Zach topping out on the false summit and sizing up the remainder of the route
We hit the summit at 9:00, and only had to share it with three other people. I was pleased to see so few hikers on the trail, because there were several dozen cars in the lower parking lot when we left before dawn.
Greenhouseguy (blue) and RockFarmer (orange) with Mt. Antero in the background
In addition to Mt. Antero, we could see several other fourteeners. I was able to identify Mt. Yale, Mt. Columbia, and Mt. Harvard. Mt. Belford, Mt. Oxford, Missouri Mountain, and Huron Peak were slightly farther away.

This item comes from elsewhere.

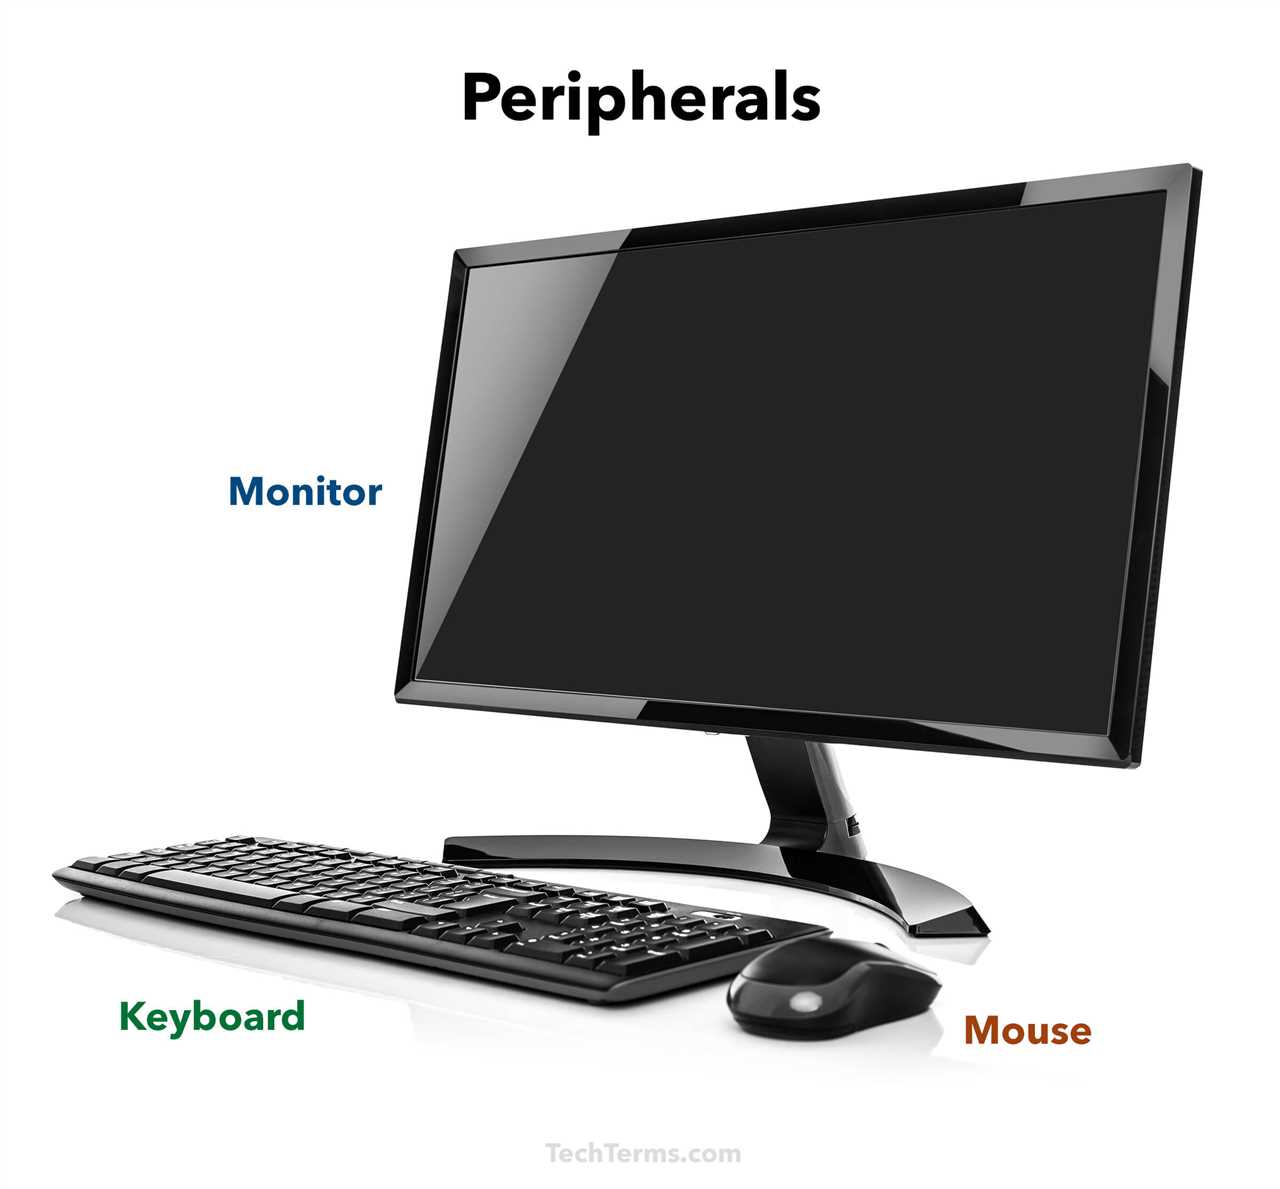 Section 3: Functions and Uses of Peripheral Devices

The view to the north: Mt. Yale, Mt. Columbia, and Mt. Harvard
We enjoyed the summit for 45 full minutes before we decided to hit the trail again. Much of the route was visible from the summit.
Looking down at the Mt. Princeton Trail from the summit
The trip down the steep talus was tedious. It was difficult to enjoy the views when we had to pay such close attention to our foot placement on the wobbly rocks. We took a break when we reached the low point in the saddle, and were amused by a marmot's antics. He chirped with all his might, then bounded over, around, and in between the rocks until he disappeared from view.
We passed all of the late risers on the way back to the trailhead. The fantastic weather had attracted all sorts of people to the mountain. We had hiked on the rocks for a long time, and were ready to get back on stable ground. At long last, we returned to the good trail through the lush green tundra at about 12,000 feet.
Approaching the good trail through the tundra
I kept an eye out for any interesting plant or animal life in the tundra, and spotted a nice specimen of alpine forget-me-nots (Eritrichium aretioides) with white flowers instead of the typical blue flowers. Not particularly scarce, but sort of interesting.
White-flowering alpine forget-me-nots (Eritrichium aretioides) at about 12,000 feet
We got back to the Jeep by 12:30, and started the dusty trip to the lower trailhead. It had been a relatively short day without an excessive amount of elevation gain, but we were both whipped. Mt. Princeton offered no real technical challenge, but the physical challenge was more than sufficient. The beautiful weather helped to make this a satisfying trip.